The combination is setting all kinds of box office records: biggest opening weekend total, biggest seven-day total and best second weekend, according to the website Box Office Mojo. More than a month after its debut, it is still the fifth most popular film domestically.
The figures are impressive across the board. But "The Avengers" is not most popular by every measurement. It ranks eighth (with $18.7 million) among the top 10 movie openings at midnight. The highest honor in that category goes to "Harry Potter and the Deathly Hallows: Part 2," the final installment in everyone's favorite boy wizard saga, which made more than twice as much as "The Avengers" that first night.
In fact, the first seven spots of the top ten midnight records are held by movies based on young adult novels: Harry, followed by three episodes of the "Twilight" series, then two more Harry adventures, and finally "The Hunger Games," just released in March.
Those numbers speak to the rise of an increasingly prominent moviegoing demographic: young female fans, who will stay up and pay up to see their heroines and heartthrobs come to life on the big screen — even at midnight, even on a school night. Their devotion takes a number of forms, from costumes to conventions to their own creative twists on the stories they so cherish.

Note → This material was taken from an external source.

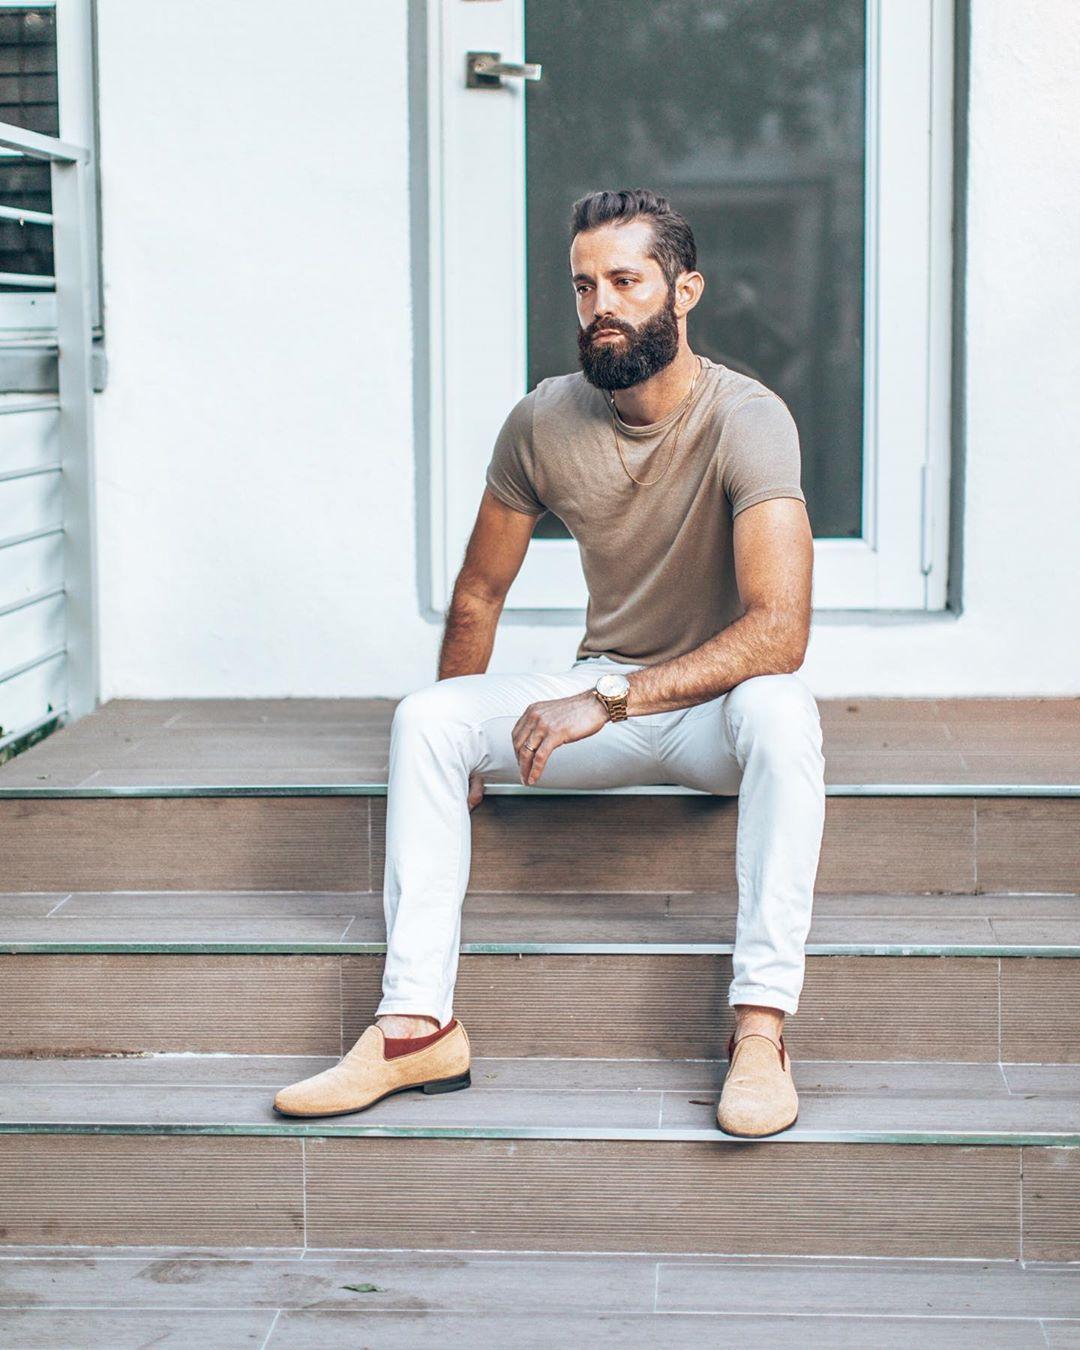 Michael Checkers Miami sitting model poses

As these fans storm box offices nationwide to watch a beloved character shoot an arrow, cast a spell or a kiss a vampire, they are simultaneously making discoveries: finding, through their fandom, a supportive community, controversial issues to contend with and a way to understand their own identity.
A century of fans
Fans are nothing new. Trekkie conventions, shrieking hordes caught in Beatlemania, and tense and sorrowful men in Red Sox baseball caps are long-established symbols of twentieth century fandom.
But according to Dr. Nancy Reagin, historian at Pace University, literary fandom — the same powerful force that has elevated Harry Potter, Twilight and the Hunger Games to such crashing fame — has been around since the end of the nineteenth century.
"It dates back to the development of the first mass market commercial fiction," said Reagin. Arthur Conan Doyle's Sherlock Holmes series, for example, quickly developed an ardent fan following, which communicated through letters and made pilgrimages to the London locations of Holmes' adventures. Readers were drawn to Holmes and his almost superhuman reasoning abilities, as well as the mysteries he so miraculously solved, she said.
According to Reagin, like many fans today, Holmes devotees wrote fan fiction, making Doyle's style and stories their own. "Those were called pastiches," she said, and were even published commercially.
The traditions of fandom, Reagin said, are still resonant today, showing remarkable continuity from their origins to 2012. But the advent of the internet — and its instant and global accessibility — marked a "watershed moment" for fans, permanently changing the game.